10 events are encoded:

| Event | Date | Lines | Multiplier |
|-------|------|-------|-----------|
| Ogden −0.75% | Mar 2017 | Motor, Liability | 40× |
| Ogden −0.25% | Aug 2019 | Motor, Liability | 20× |
| COVID lockdown | Mar 2020 | Motor, Liability, Property | 50× |
| COVID recovery | Jun 2020 | Motor | 15× |
| Storm Ciara/Dennis | Feb 2020 | Property | 20× |
| Whiplash Reform | May 2021 | Motor | 40× |
| GIPP | Jan 2022 | Motor, Property | 30× |
| Storm Eunice | Feb 2022 | Property | 15× |
| Storm Babet | Oct 2023 | Property | 15× |
| Ogden +0.5% | Jul 2024 | Motor, Liability | 25× |

Multipliers cap at 0.5 (never force a break regardless of event).

## Design notes

**Why not use the `changepoint` package (Rust)?** It does not support exposure weighting or UK insurance priors. Building on top of it would mean we own none of the important parts.

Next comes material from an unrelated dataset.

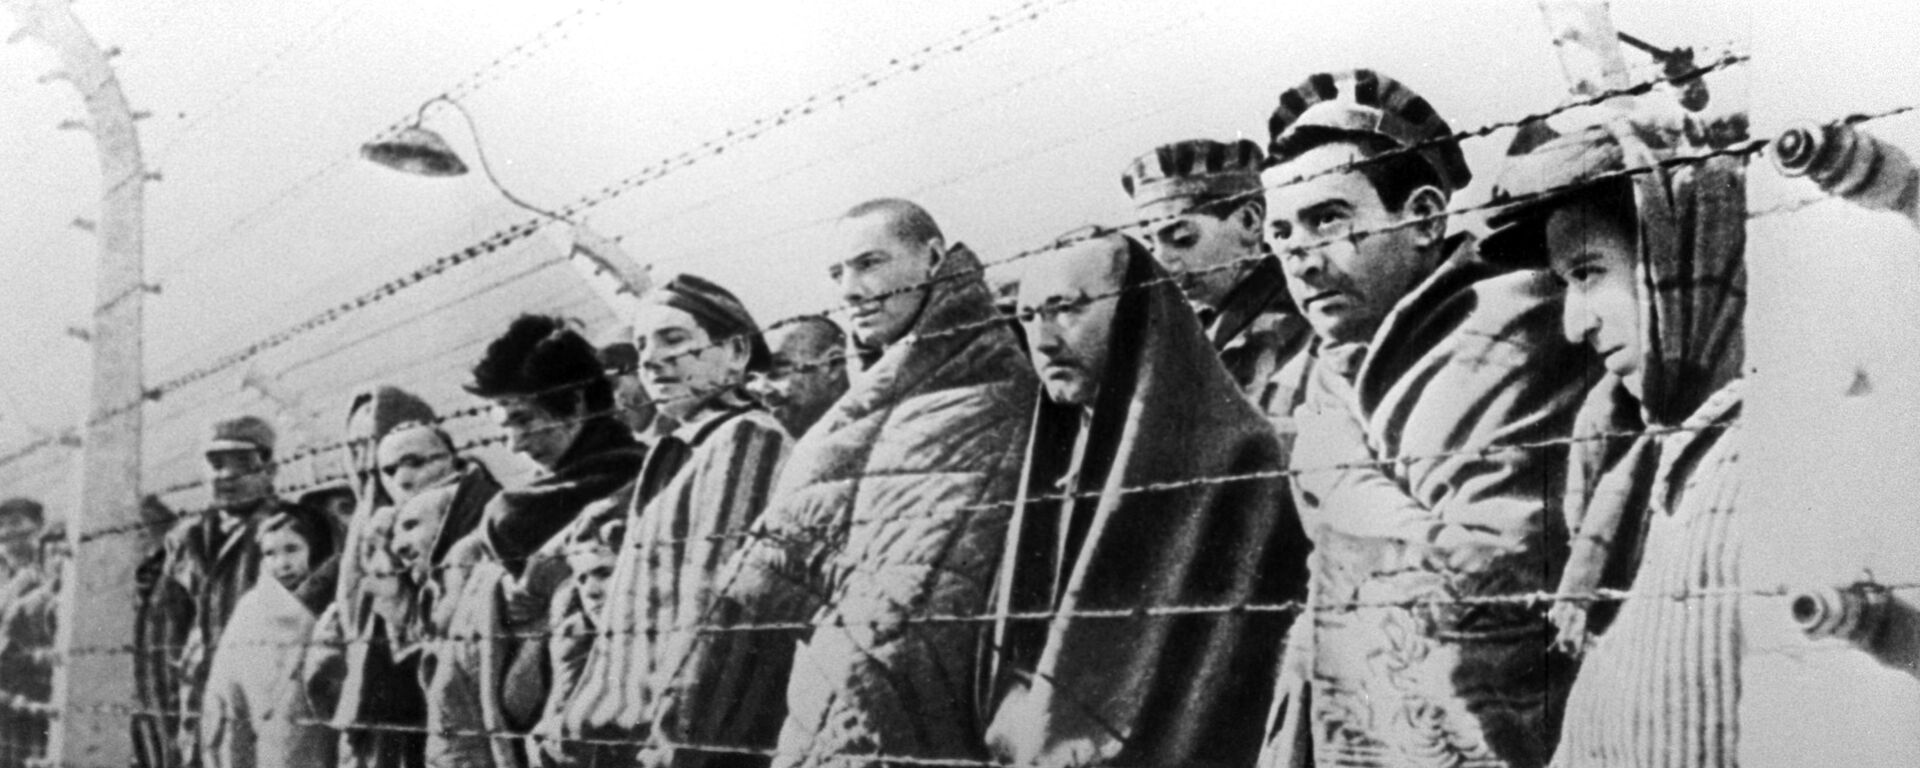 Узники концентрационного лагеря Освенцим, освобожденные войсками Красной армии в январе 1945 года - Sputnik Узбекистан, 1920, 24.01.2020

**Why ruptures for PELT?** ruptures is actively maintained, has a clean API, and implements multiple cost models. We add the bootstrap CI layer on top — that is our contribution, not reimplementing PELT.

**Why Jinja2 for reports?** Same reason as insurance-bunching: the HTML template is readable by non-engineers, version-controllable, and produces clean output that works in email clients and SharePoint. No JavaScript, no external CSS.

**Why Normal-Gamma on log-severity?** Severity is log-normal to a good approximation. Working on log scale converts the problem to Gaussian, where the Normal-Gamma conjugate is exact. The alternative (NegBin-Gamma on rounded costs) is messier without being more correct.

## References

- Adams, R.P. & MacKay, D.J.C. (2007). Bayesian online changepoint detection. arXiv:0710.3742.
- Killick, R., Fearnhead, P. & Eckley, I.A. (2012). Optimal detection of changepoints with a linear computational cost. JASA 107(500):1590–1598.
- FCA PS21/5 (2021). General Insurance Pricing Practices.
- FCA PRIN 2A.9 (2023). Consumer Duty — Fair Value.